Probó con el imán y descubrió que no eran los primeros en habitar esa tierra; estudió
el potencial bélico de la lupa, y descubrió la esfericidad terrestre. Para entonces Melquíades era ya un gitano avejentado por tanta enfermedad
viajera. Le regala un laboratorio de alquimia que desprendía un olor del
demonio.
En medio de ese pandemónium alquímico
–cuyo mayor éxito ha sido reducir un puñado de doblones de oro a un “chicharrón
carbonizado”- aparece Úrsula Iguarán
“aquella mujer de nervios inquebrantables, a quien en ningún momento de su vida
se la oyó cantar, parecía estar en todas partes desde el amanecer hasta muy
entrada la noche, siempre perseguida por el suave susurro de sus pollerines de
olán”. Cierren, por favor, la novela durante un rato y continúen después
respirando el tibio olor de albahaca.
La culpa de que José Arcadio
Buendía y Úrsula Iguarán se hubieran casado la tenía el pirata Francis Drake.
El temor a engendrar iguanas, dada la proximidad familiar de los contrayentes,
hizo que Úrsula durmiera protegida por un pantalón de lona de velero hasta
cierta noche en la que Prudencio Aguilar perdió una pelea de gallos.
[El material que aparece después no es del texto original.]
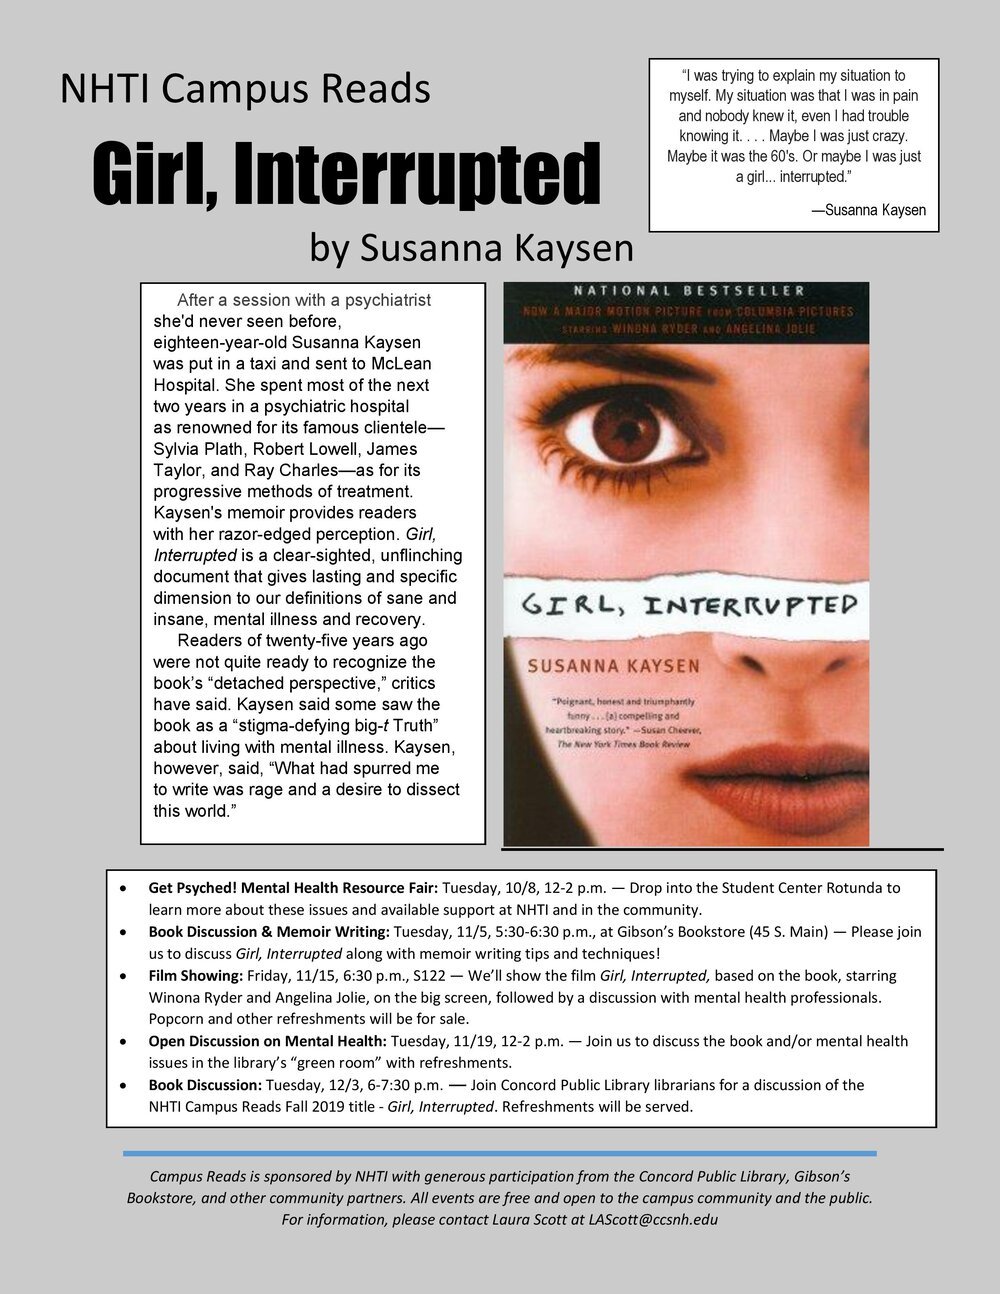 NHTI+Campus+Reads+Girl+Interrupted+Fall+2019+final+-page-001+(1).jpg

Después
José Arcadio, Úrsula y un puñado de vecinos fundó Macondo para darle al
fantasma de Prudencio un poco de paz.
El soplo de alivio de sus padres
hizo que volara de su cabeza cuadrada cualquier resto de imaginación. José Arcadio Buendía había nacido antes
de llegar a Macondo sin “ningún órgano de animal”. Su hermano, Aureliano, había llorado en el vientre
de su madre y nacido con los ojos abiertos.
Cuando, un jueves de enero, nació
Amaranta, sus dos hermanos gozaban
ya de los encantos de Pilar Ternera.
Fue aquel año en el que los gitanos volvieron trayendo consigo esteras
voladoras. El anuncio de su futura paternidad devolvió al laboratorio al joven
José Arcadio donde duró el tiempo justo que tardaron en marcharse los gitanos.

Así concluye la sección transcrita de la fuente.